### Imports

In [1]:
import pandas as pd
import spacy

In [2]:
nlp = spacy.load("en_core_web_sm")

### Data Cleaning

#### Read from CSV

In [3]:
df = pd.read_csv("../data/review_2022.csv")
df.head()

Unnamed: 0,text,label
0,I bought a Fender 1966 Telecaster that the sal...,negative
1,This is our go to for take out when I visit my...,positive
2,Danielle did a great job!

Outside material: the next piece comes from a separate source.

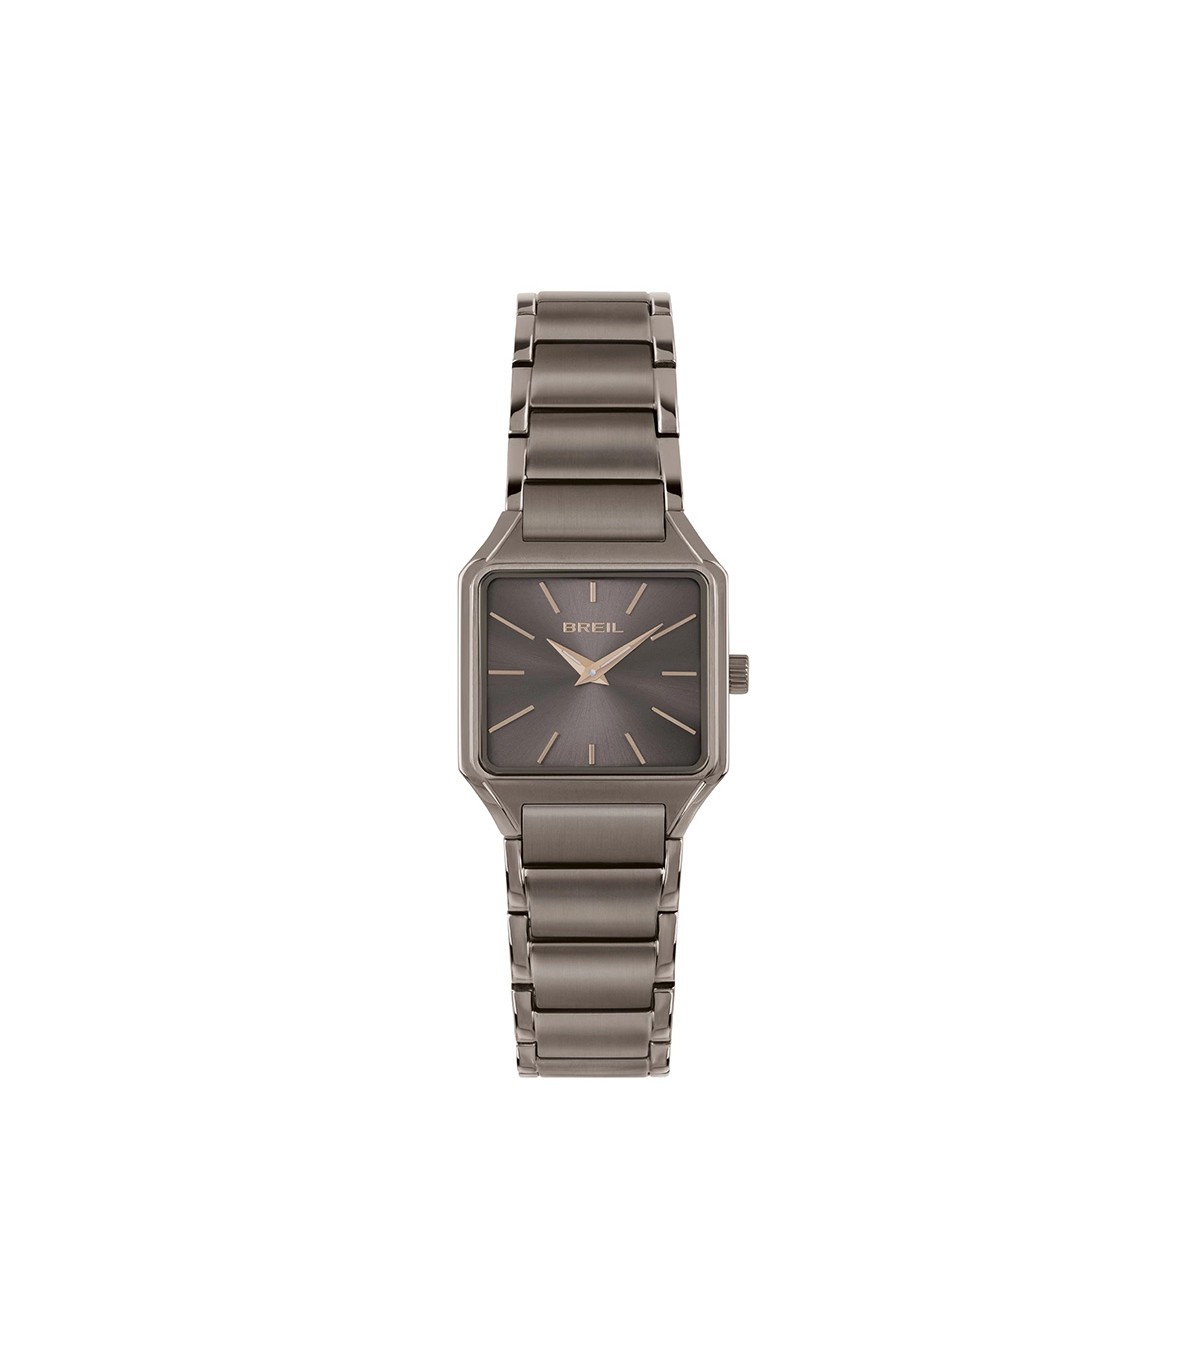 Gucci Women's Swiss G-Timeless Two-Tone Stainless Steel Bracelet Watch 27mm  - Macy's

She listened and cu...,positive
3,We saw a lot of roaches in the bathroom when w...,negative
4,We Ordered pork fried rice and beef chow mei ...,negative


#### Clean Data

Create 2 sets of data for analysis and further preprocessing:
1. lower case
2. lower case + stop words

Create a function to clean text.

In [4]:
def clean_text(text, stop_words=False):
  output = []
  tokens = nlp(text.lower())

  for token in tokens:
    if stop_words:
      if token.is_alpha:
        output.append(str(token))
    else:
      if (token.is_alpha) and (not token.is_stop):
        output.append(str(token))
  
  return " ".join(output)

##### Lower Case

In [5]:
df_clean = df.copy()
df_clean["text"] = df_clean["text"].apply(clean_text)
df_clean.head()

Unnamed: 0,text,label
0,bought fender telecaster salesperson told orig...,negative
1,visit son restaurant desert home food authenti...,positive
2,danielle great job listened cut hair way reque...,positive
3,saw lot roaches bathroom woke bed large dark s...,negative
4,ordered pork fried rice beef chow mei fun teri...,negative


##### Lower Case + Stop Words

In [6]:
df_clean_sw = df.copy()
df_clean_sw["text"] = df_clean_sw["text"].apply(lambda text: clean_text(text, True))
df_clean_sw.head()

Unnamed: 0,text,label
0,i bought a fender telecaster that the salesper...,negative
1,this is our go to for take out when i visit my...,positive
2,danielle did a great job she listened and cut ...,positive
3,we saw a lot of roaches in the bathroom when w...,negative
4,we ordered pork fried rice and beef chow mei f...,negative


#### Export to CSV

In [7]:
df_clean.to_csv("../data/review_2022_clean.csv", index=False)

In [8]:
df_clean_sw.to_csv("../data/review_2022_clean_sw.csv", index=False)